You can refactor this into a loop and using it for arbitrarily sized numbers by calculating the mnemonic bits above using current_bit_value<<=1 after each iteration.

Try this:

#include <bitset>
#include <iostream>
int main()
{
    std::bitset<32>      x(23456);
    std::cout << x << "\n";


    // If you don't want a variable just create a temporary.
    std::cout << std::bitset<32>(23456) << "\n";
}

There's a small header only library you can use for this here.

Example:

std::cout << ConvertInteger<Uint32>::ToBinaryString(21);
// Displays  "10101"

auto x = ConvertInteger<Int8>::ToBinaryString(21, true);
std::cout << x << "\n"; // displays "00010101"

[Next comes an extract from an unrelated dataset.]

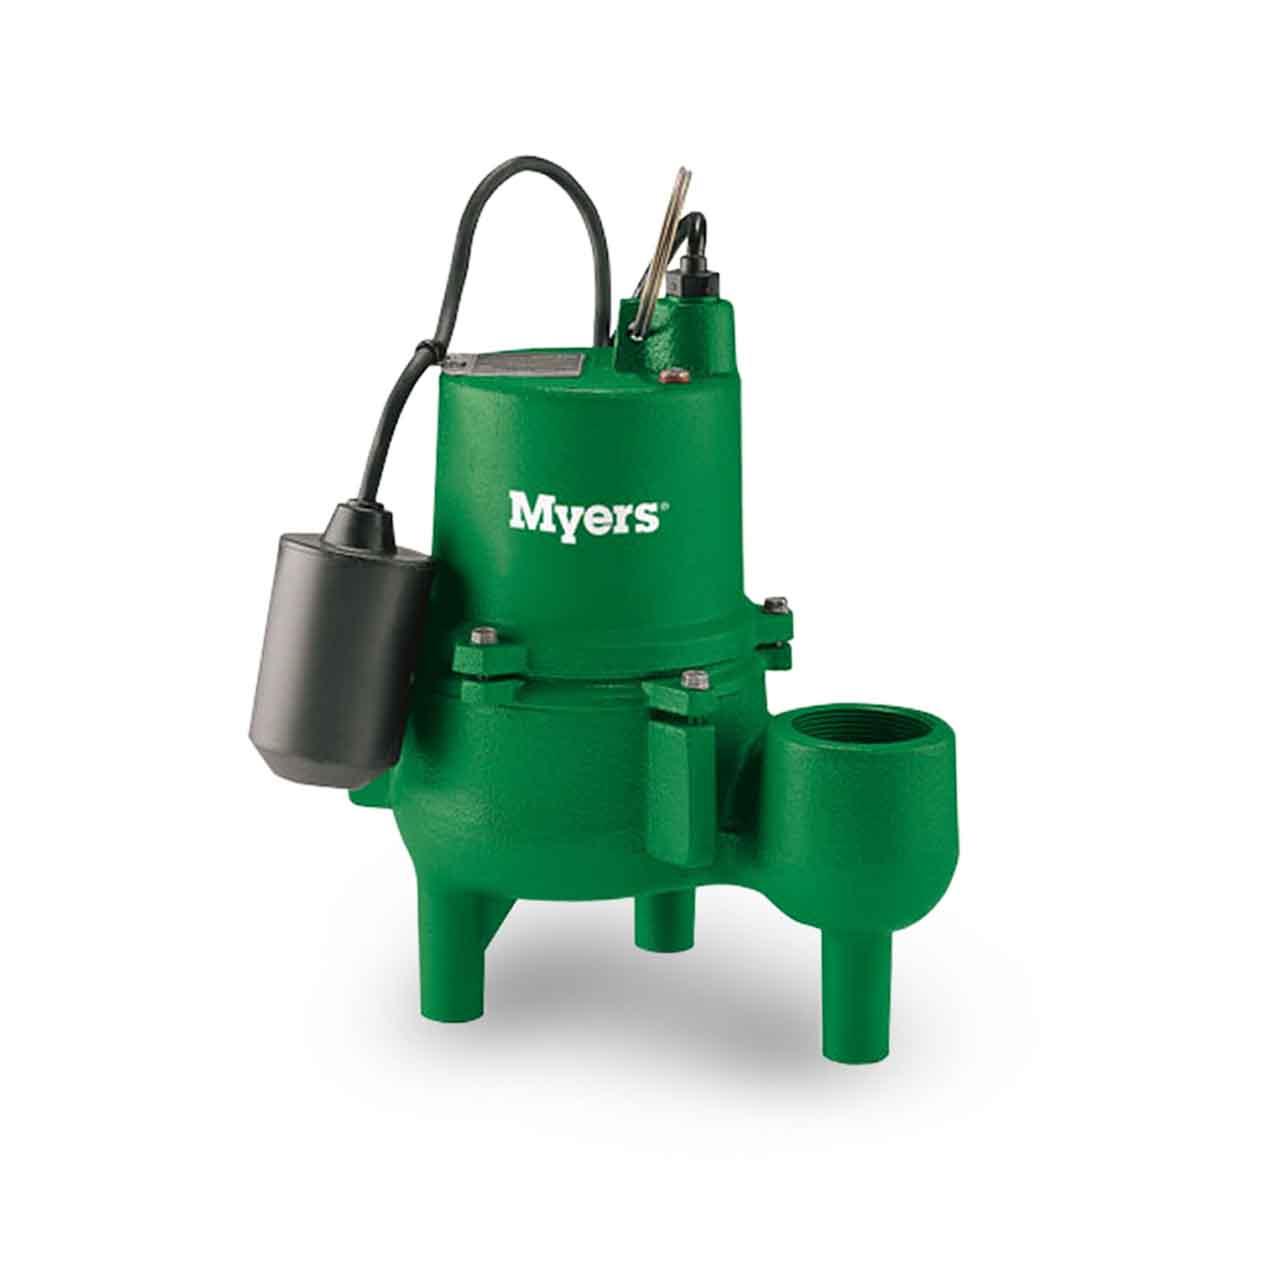 myers myers srmmc sewage pump hp v ph cord manual myers myers srm4m1c sewage pump 0 4 hp 115v 1 ph 20 cord manual myrsrm4m1c

auto x = ConvertInteger<Uint8>::ToBinaryString(21, true, "0b");
std::cout << x << "\n"; // displays "0b00010101"

There isn't a direct function, you can just walk along the bits of the int (hint see >> ) and insert a '1' or '0' in the string.
Sounds like a standard interview / homework type question

http://snippets.dzone.com/posts/show/4716 or http://www.phanderson.com/printer/bin_disp.html are two good examples.

The basic principle of a simple approach:

• Loop until the # is 0
• & (bitwise and) the # with 1. Print the result (1 or 0) to the end of string buffer.
• Shift the # by 1 bit using >>=.
• Repeat loop
• Print reversed string buffer

To avoid reversing the string or needing to limit yourself to #s fitting the buffer string length, you can:

• Compute ceiling(log2(N)) - say L
• Compute mask = 2^L
• Loop until mask == 0:
  • & (bitwise and) the mask with the #. Print the result (1 or 0).
  • number &= (mask-1)
  • mask >>= 1 (divide by 2)

Use sprintf function to store the formatted output in the string variable, instead of printf for directly printing. Note, however, that these functions only work with C strings, and not C++ strings.